Cod Almighty | Diary
Still Grimsby Town
16 November 2017
Middle-Aged Diary doesn't know about you, but I could do with a change of subject. It's over to Richard Hubbert for the rest of today's diary.
Really proud that @officialgtfc are paying tribute to my Grandad at the Carlisle game this weekend. 88 years of attending BP, he saw it all! Please read & share #GTFC #UTM pic.twitter.com/sH9rjUUwOc
— Richard Hubbert (@RichardHubbert) November 13, 2017
"My grandad Arthur Dawson's first game was around 1929. He took his place on the Pontoon amid dockers who had come straight to the ground in their clogs, a couple of bottles of beer in their pockets, who, voices like foghorns, shouted: 'Give it to Robbie!' Joe Robson seldom scored less than 30 goals a season so the chances are he confirmed the wisdom of their advice.

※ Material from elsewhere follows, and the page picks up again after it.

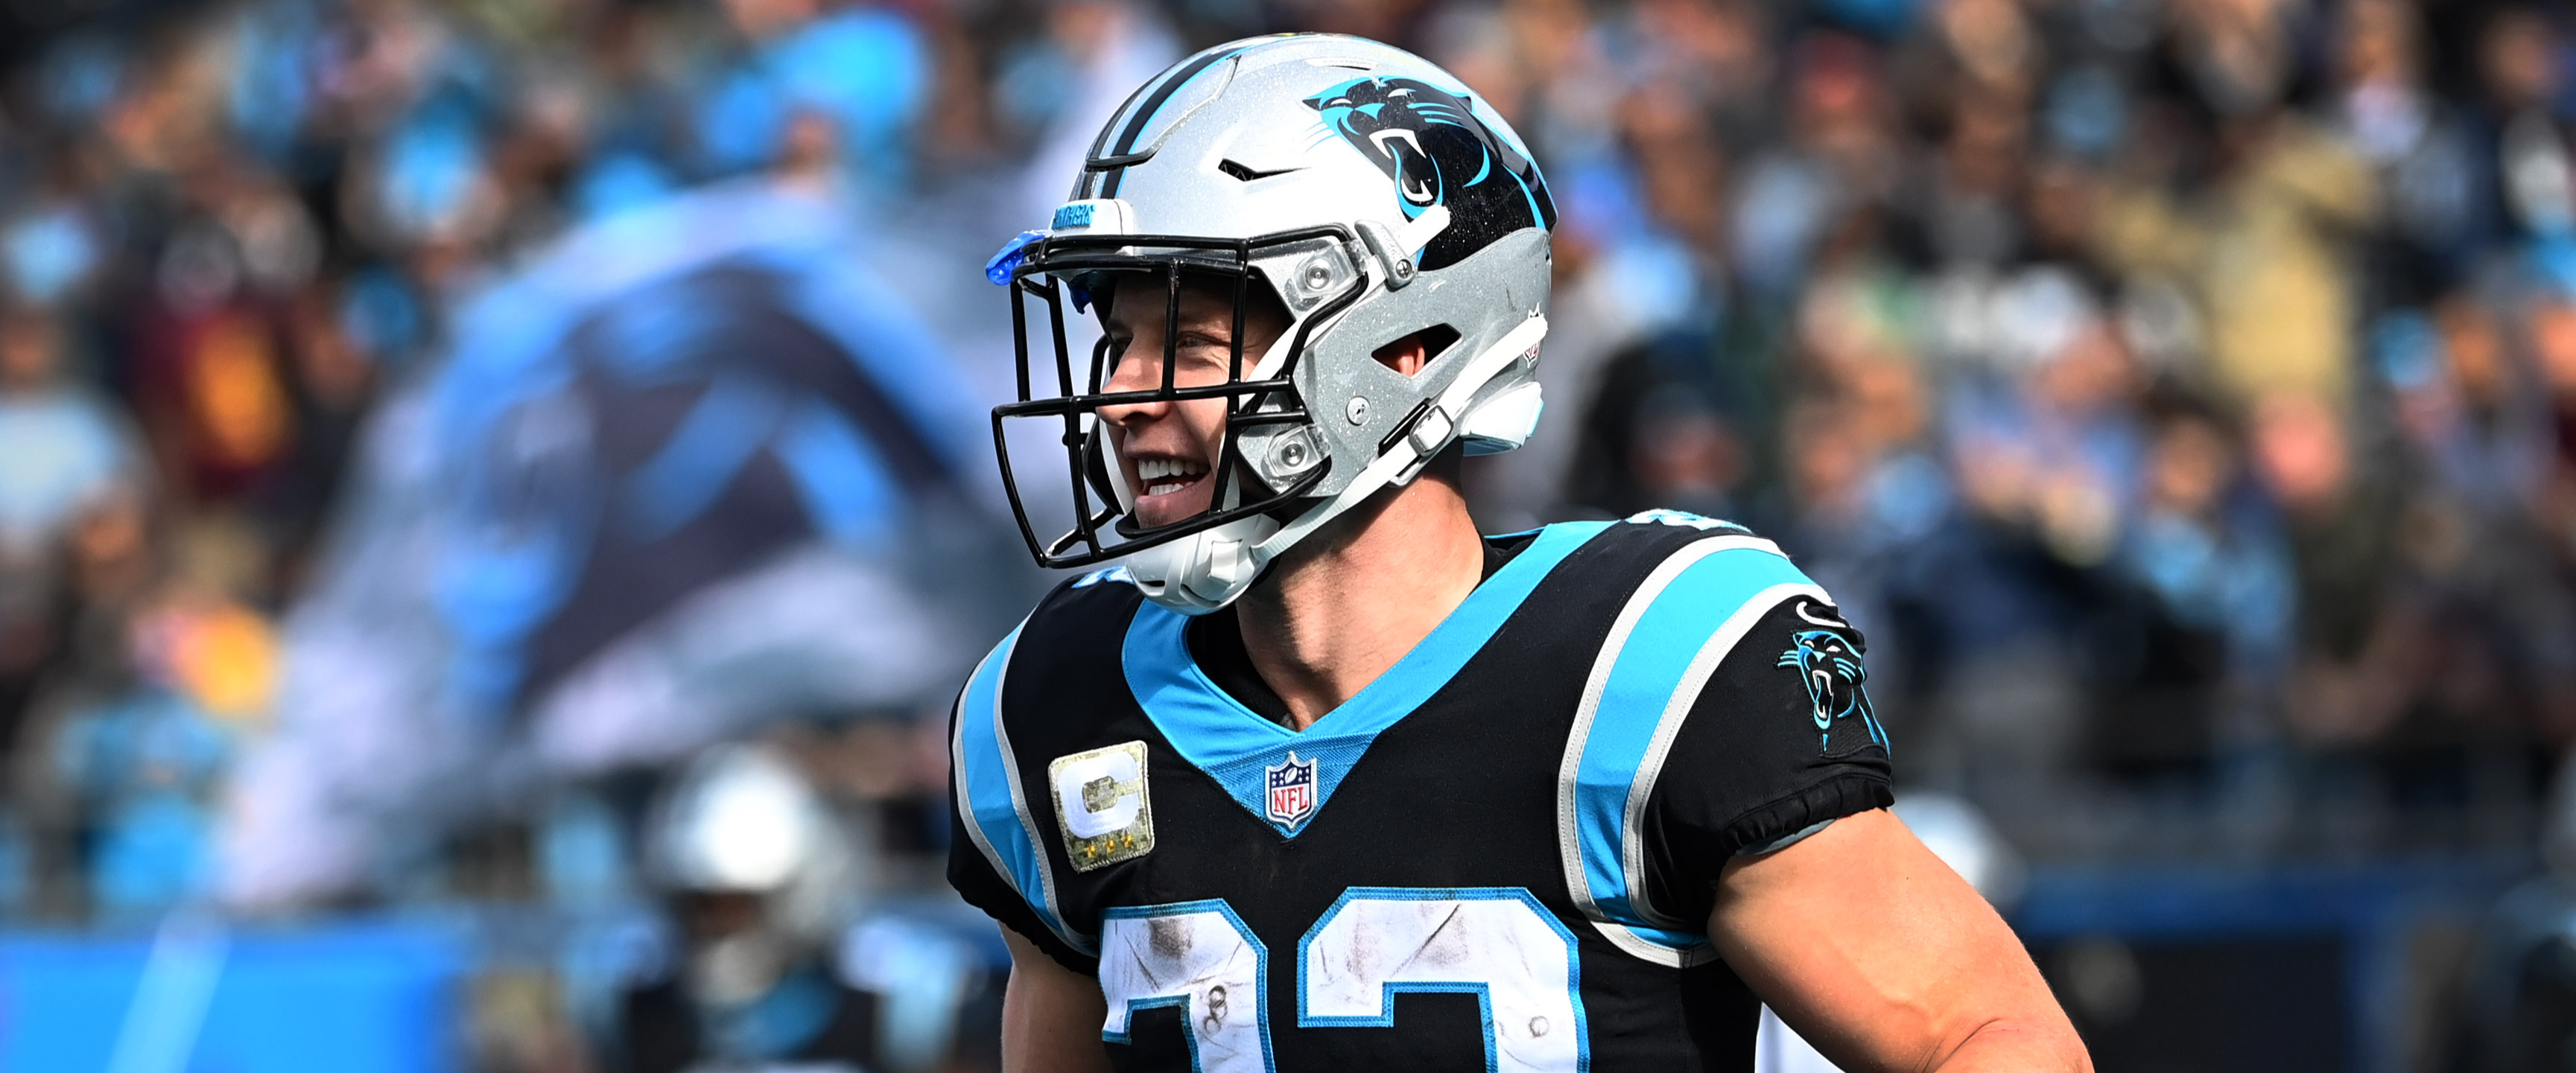 I think Chrisitan McCaffrey is overrated. Here's why
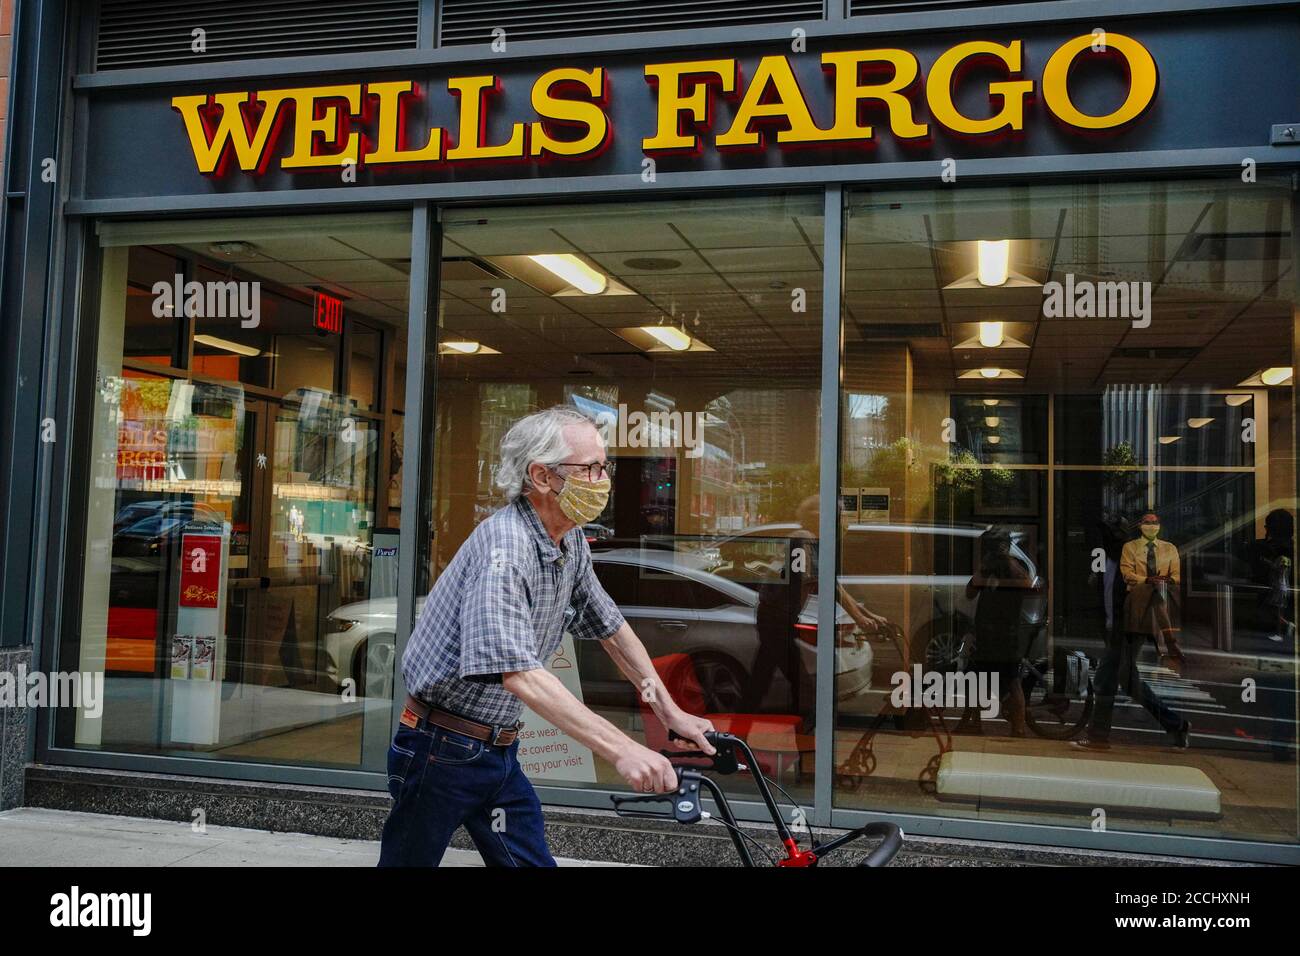 New York, NY, USA. 21st Aug, 2020. A man wearing a face mask passes by a Well Fargo branch in Midtown area of New York City. Wells Fargo resumes job cuts after pandemic break, report says. Credit: John Nacion/SOPA Images/ZUMA Wire/Alamy Live News Stock Photo

"One of Arthur's most vivid memories was the 1935 1-0 win against the league champions, Arsenal. The team that day featured some all-time Grimsby greats like Pat Glover ('When he went up for the ball and scored, he went in the net with the goalkeeper, the ball and the lot') and the half-back line of Hall, Betmead and Buck ('nowt escaped them. If they went past them once they didn’t next time, they were straight under them!').
"What a different world it was back then. England international goalkeeper George Tweedy (with 'hands like buckets') drove a furniture van part-time. 'Ginger' Hall worked as a joiner in Arthur's home village of South Kelsey. He'd see him on the morning of a match with his football boots tied around the handlebars of his bike before he cycled 25 miles to Cleethorpes to mark the top forwards in the country.
"With his formative days as a Town supporter having been in crowds of 20,000 watching top-flight football, it would have been easy for Arthur to become disillusioned. When Town were relegated to the Conference he could say 'I've seen it all turn right round'. He was of course delighted when we got promoted back out of the 'pigeon league' but there was a real stoicism in his attitude. His favourite expression: 'You never know in football. If we knew the result, we wouldn't turn up and watch!'
"He never over-celebrated victory or got too downcast with a defeat, never once calling for a manager to be sacked. Perhaps it was living through the war and seeing communities suffering losses that helped put football into perspective? For him, football was a day out, a bit of an outing and something to look forward to whether winning or losing. You supported your team and always got behind them, no matter what. As much as the Wembley trips he never thought he'd see, he'd enjoy an away day: his last a 3-1 win at Boreham Wood.
"He always took change in his stride and never moaned about so many things being different. He always felt that things would turn out right. Of course he never got to see us in our new stadium but I feel he would have embraced and accepted this change if and when it happens. There is something quite comforting though to think that his first and last football matches were both wins (the last against Yeovil) in the same ground, the same Pontoon end, 88 years apart."
Arthur Dawson's death, after a lifetime of memories stretching back to the most glorious of glory days, diminishes us all. You will I am sure join Richard and Arthur's family in celebrating that life at Blundell Park on Saturday. Strange to say when we are celebrating a life sadly ended, but beneath the controversies and the disappointments of any football club, some things go on for ever. As Arthur would say: "We're still Grimsby Town."